Lets assume I want to give my hypothetic 10mio users userbase a good feedback on their password strength. Besides the classical entropy tests and top500 list of bad passwords, I might want it to be based on "there are already more than N users with the same password" (for N maybe 100).

So aside of the state-of-the-art multiround salted hashed password stuff I naively store a big table with password:counter pairs (and maintain it through password changes) and tell the user his password is bad when that counter reaches N. Now of course this defeats my good password hash management: whoever gets that table has all the possible passwords and can just try them trivially. I could hash them, which would just add some time factor far too small to be secure.

So how can I (if at all) maintain any statistics that will allow me to have these counters (or something similar enough with not too many false positives) without the statistics data being more of a security risk when exposed than the table of password hashes?

Explanation / Answer

Hashing is not a foolproof mechanism to deter security attacks.
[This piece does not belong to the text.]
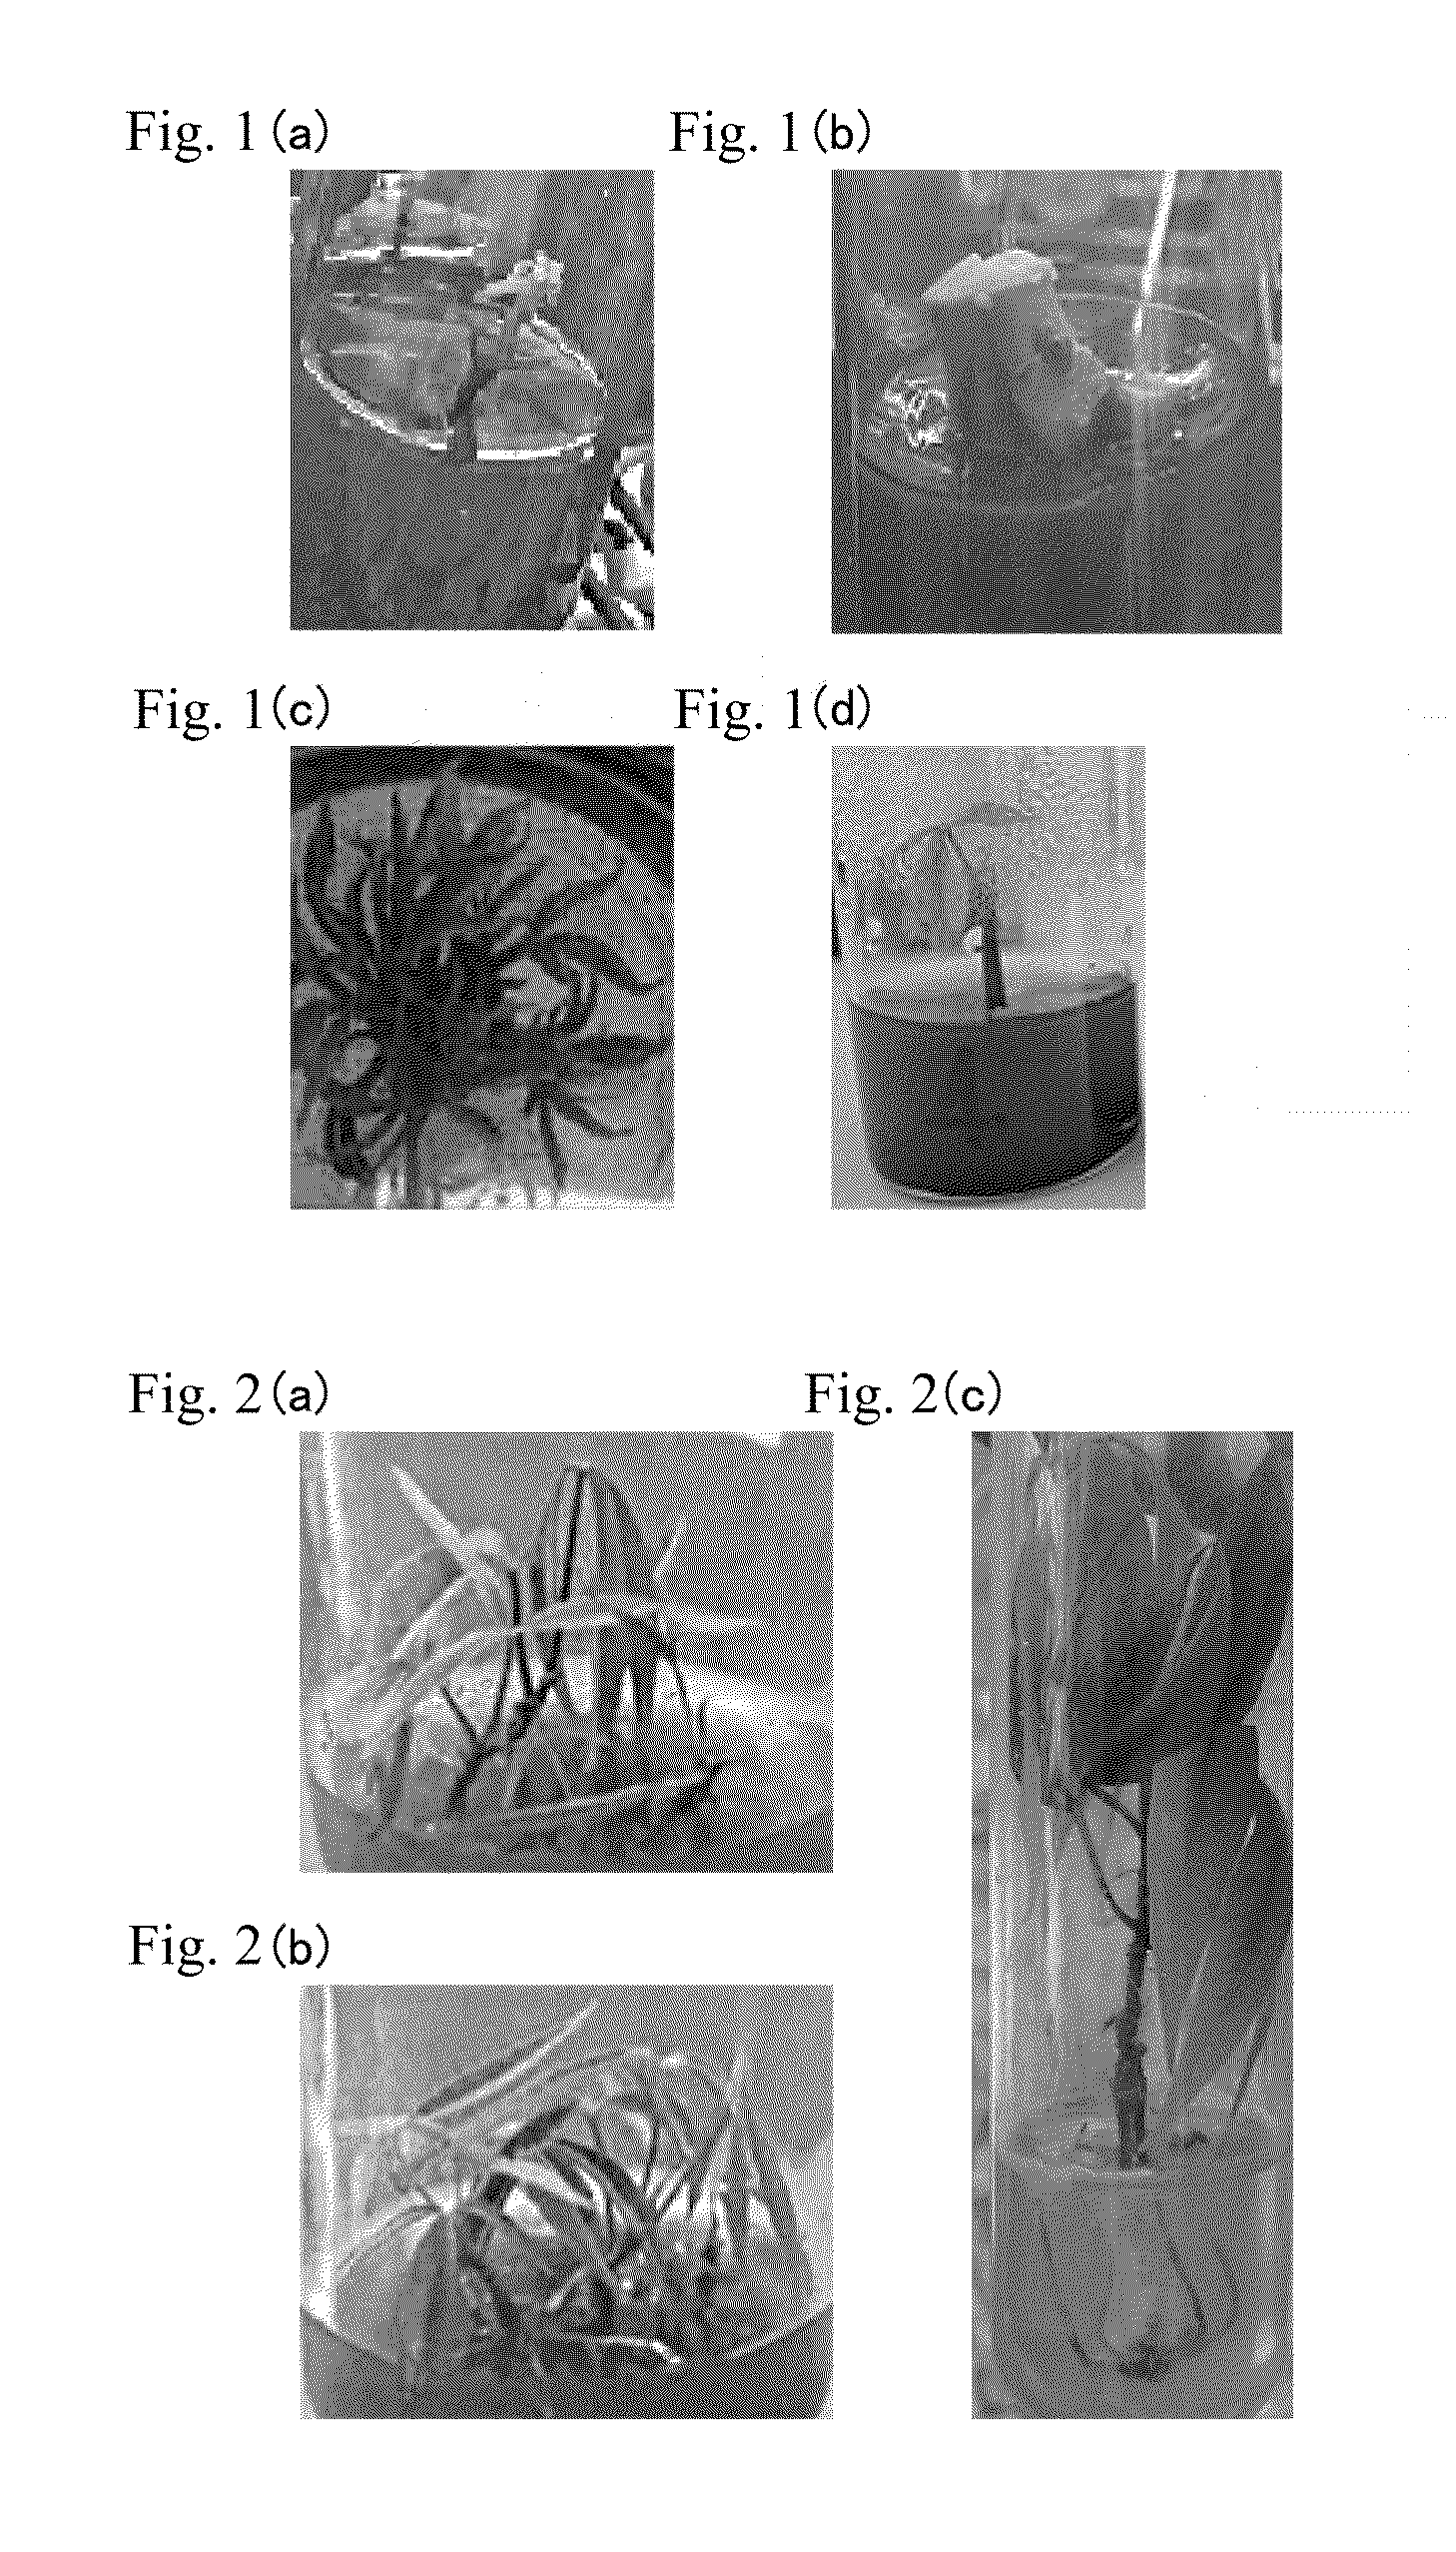 Method of regenerating rubber tree, method of propagating rubber tree, method of inducing shoot, method of elongating shoot, method of rooting shoot, and method of acclimatizing young plant

Maintaining the statistics in a table, even after hashing, would pose a higher risk than solution. Even if you decide to go ahead with storing the hashed passwords in the database, ensure that salting is carried out in the hashing mechanism. Salting provides the use of not a single but various hash functions to encrypt the given data. These are very powerful in deterring rainbow or parallel security attacks. MD5, the most preferred hashing function, does not safeguard against parallel attacks. More powerful hashing functions that use salt such as PBKDF2 and scrypt. An additional safeguard would be to store the hashed password on the individual client machine instead of storing it on the server.